Lucas s'y sent le seul normal, donc nul, quelconque et sans intérêt, dans un environnement où tout le monde a quelque chose de plus à son cv: surdoué, handicapé, enfant d'immigré, rejeton de parents divorcés, orphelin, allez savoir! Lucas a ses deux parents, plutôt bobos classe moyenne, et strictement rien à raconter.

Lucas boude, assis sur le trône. Il maugrée dans les toilettes de l'école jusqu'à ce qu'Iris, alias la comédienne Pauline Belle, vienne le chercher. Une particulièrement spéciale, celle-là: surdouée avec des couettes à la Greta, elle s'occupe de toute l'administration de ses parents, des Balkaniques à la cool. Entre elle et Lucas, ça ne peut pas marcher. Trop de contraires. Et bien sûr, c'est précisément ces contraires qui vont les attirer. Plus un amour réciproque pour les parents de l'autre. A Lucas les soirées pizza-télé-matchs de foot! A Iris, les discussions argumentées sur l'environnement en picorant des sushis bios!

Une scène du spectacle "Normalito". [http://www.amstramgram.ch/ - Ariane Catton Balabeau]

Histoire d'amour et d'humour

Avec "Normalito", la metteuse en scène et dramaturge Pauline Sales brode une histoire d'amour et d'humour sur fond de différences sociales. En comparant normalité et singularité, "Normalito" s'aventure cependant bien plus loin que le préau de l'école et le salon de papa-maman. Lucas et Iris fuguent, quittent les wc de leur école (un lieu de rendez-vous qui en vaut bien un autre) pour se retrouver… aux toilettes publiques de la gare. Ils y croisent Lina, une drôle de dame avec une grosse voix et une poitrine en devenir, incarnée par le comédien Anthony Poupard .

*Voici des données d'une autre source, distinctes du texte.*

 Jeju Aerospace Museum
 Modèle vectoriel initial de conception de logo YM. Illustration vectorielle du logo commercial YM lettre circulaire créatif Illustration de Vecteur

On n'est plus dans la lutte des classes, on baigne dans un drame glamour, une espagnolade façon movida madrilène, avec secret de famille, fringues bigarrées, mariage contrarié, réconciliations inespérées et tapis de violons romantiques. Du Pedro Almodovar pour les 11 ans! Avec au passage une allusion à l'apparition des premières règles.

Pari risqué, pari réussi. Dans la salle du Théâtre Am Stram Gram, emplie jusqu'aux derniers rangs de classes d'école primaire, on entend les mouches voler. Ecoute maximale et soulagement général au baiser final, plus des applaudissements à tout rompre au moment des saluts. Quand le théâtre ne prend pas les enfants pour des pives et leur parlent à hauteur des discussions du préau, ça fait mouche et ça touche.

Thierry Sartoretti/ld

"Normalito" au Théâtre Am Stram Gram de Genève jusqu'au 3 mars 2020.